Kultur- und Verteilungskämpfe

Europäische Siedler wanderten ein und so ist das zentralamerikanische Land seit Jahrhunderten von Kultur- und Verteilungskämpfen geprägt. Diese kulminierten im 20. Jahrhundert einerseits in der Matanza, „dem Massaker“, bei dem das Militär einen ländlichen und in erster Linie von den indigenen Pipil geführten Aufstand so blutig niederschlug, dass ein großer Teil der Pipil umkam und der Rest in die spanisch-mestizische Mehrheitsgesellschaft assimiliert wurde.
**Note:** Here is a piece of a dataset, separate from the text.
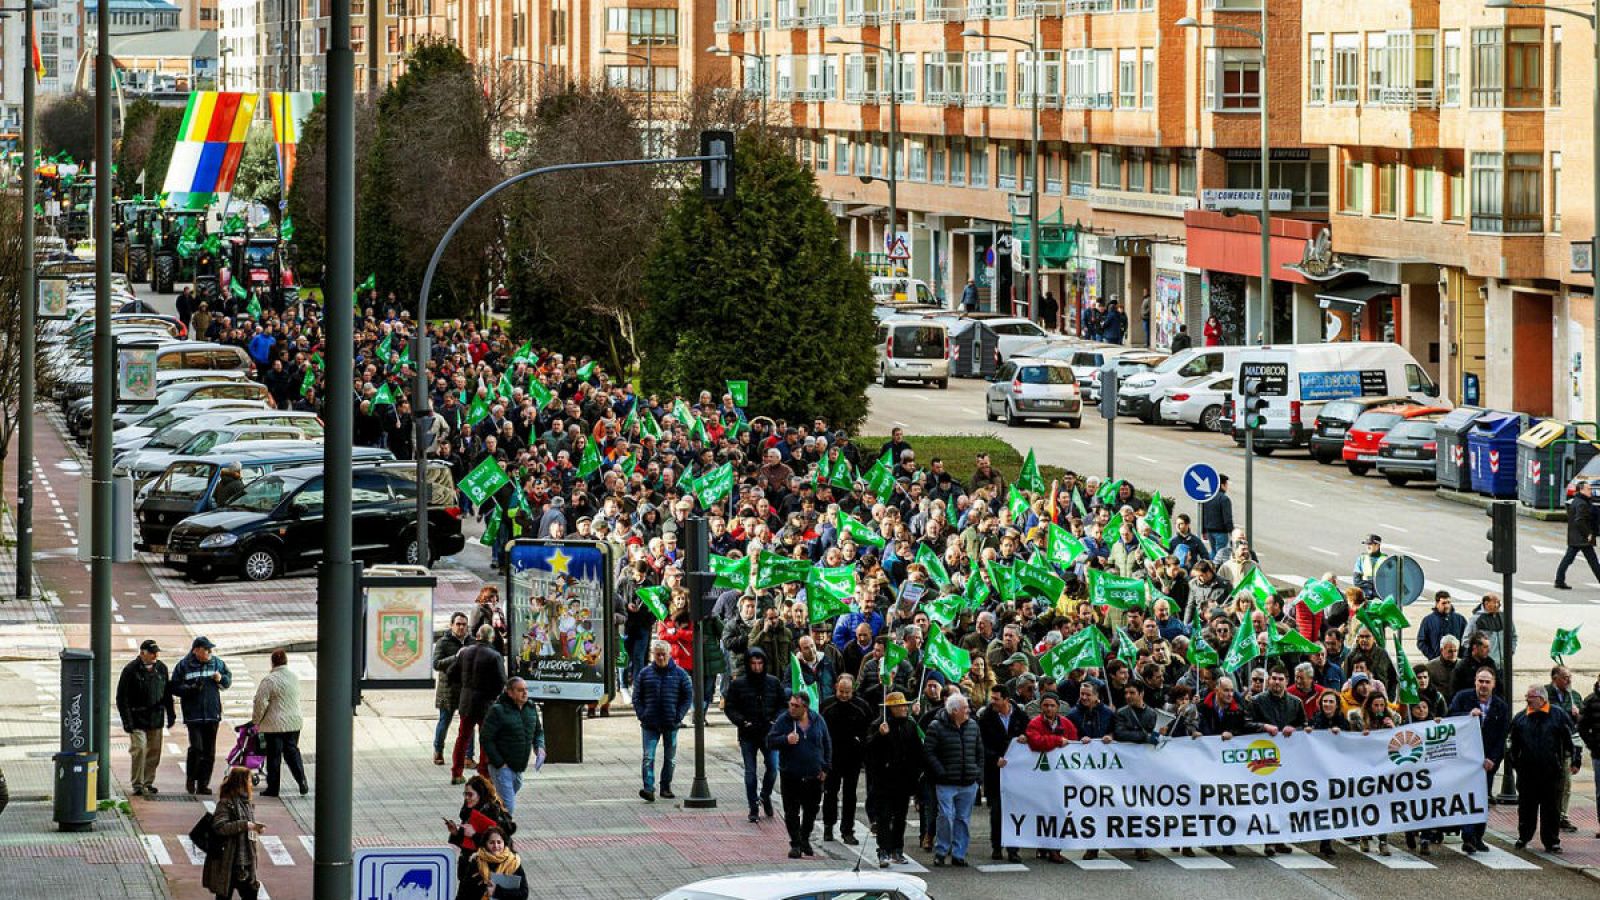 Agricultores y ganaderos participan en una manifestación bajo el lema "En defensa de su futuro" en Burgos.

Andererseits, im großen Bürgerkrieg von 1979 bis 1992, geführt in klassisch lateinamerikanischer Manier: Die Regierung mit Unterstützung rechtsgerichteter, paramilitärischer Gruppierungen gegen linke Guerillatruppen.

Bandengründung in den USA

Neben den tiefen Narben, die der Bürgerkrieg in der Bevölkerung hinterließ, bedingte er zugleich die nächste Plage, die das Land im 21. Jahrhundert heimsuchen sollte: Während des Bürgerkrieg flüchteten Teile der Bevölkerung außer Landes und wanderten in die Ghettos US-amerikanischer Großstädte ein. Dort schlossen sich einige von ihnen bestehenden Banden an oder gründeten eigene. So insbesondere die Mara Salvatrucha (MS13) und die Barrio 18, beide aus Los Angeles. Unter Bill Clinton wurden in den 90er Jahren viele der salvadorianischen Gangmitglieder in ihr Heimatland remigriert.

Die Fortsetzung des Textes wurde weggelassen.